* **Task instructions**: Produce as output only the lines below starting at the line with "Distressed green trucker hat with patch" and continuing through the line with "Tuf Cooper goes", each one exactly as written.

* **Information provided**:

☆ ☆ ☆ ☆ ☆

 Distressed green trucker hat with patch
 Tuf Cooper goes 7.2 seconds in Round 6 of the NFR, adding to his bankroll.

☆ ☆ ☆ ☆ ☆

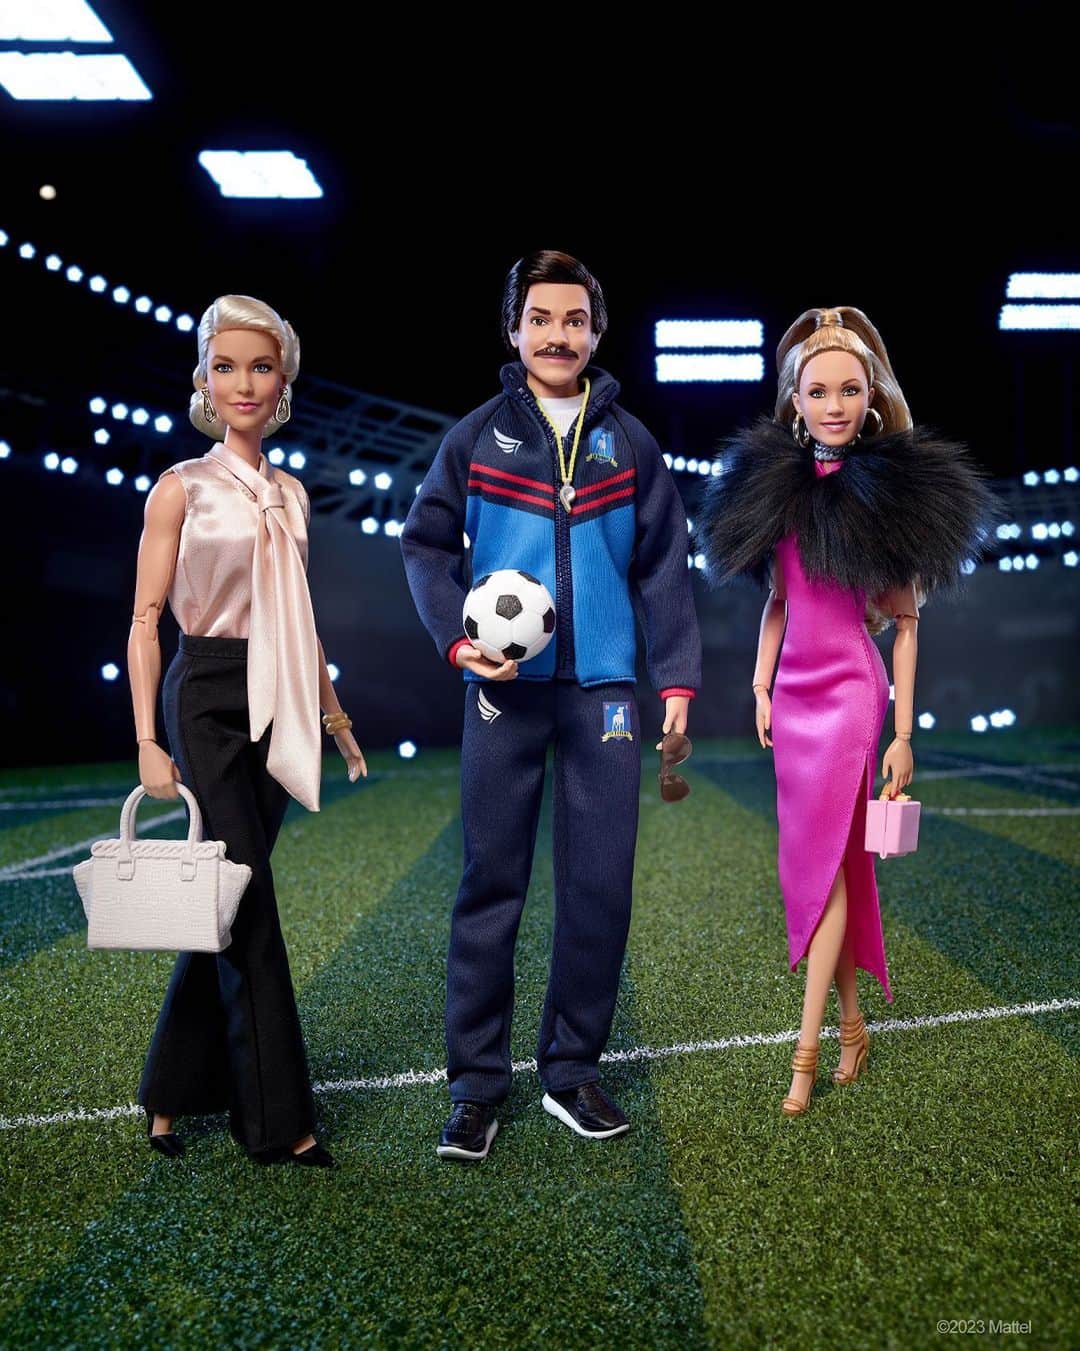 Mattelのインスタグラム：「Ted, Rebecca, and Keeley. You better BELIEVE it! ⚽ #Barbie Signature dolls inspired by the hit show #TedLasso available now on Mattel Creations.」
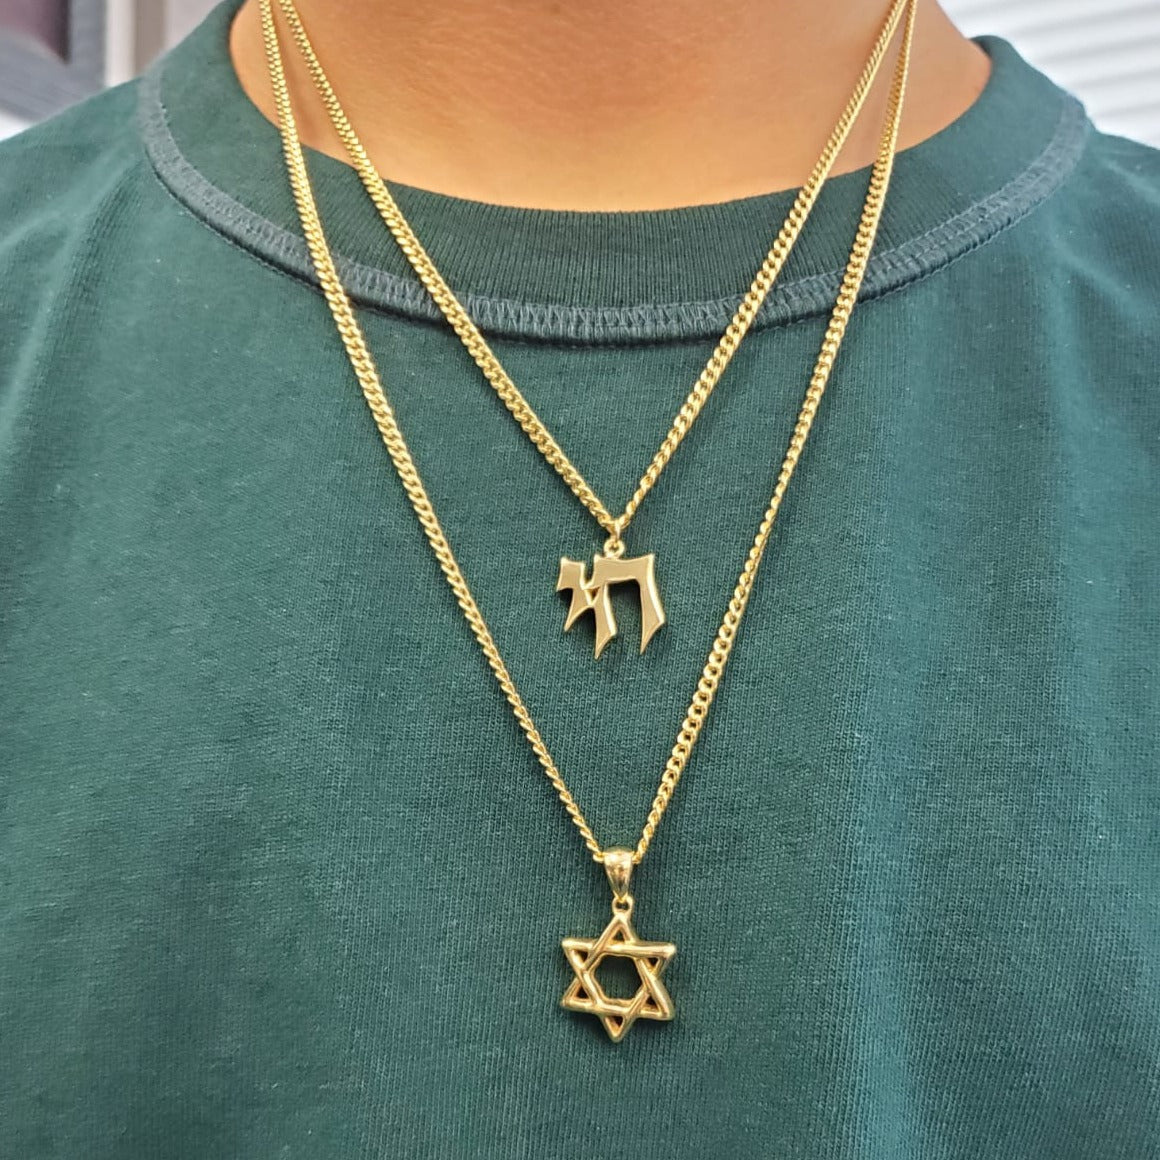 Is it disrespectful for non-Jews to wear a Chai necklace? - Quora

☆ ☆ ☆ ☆ ☆

* **Exercise response**:
 Distressed green trucker hat with patch
 Tuf Cooper goes 7.2 seconds in Round 6 of the NFR, adding to his bankroll.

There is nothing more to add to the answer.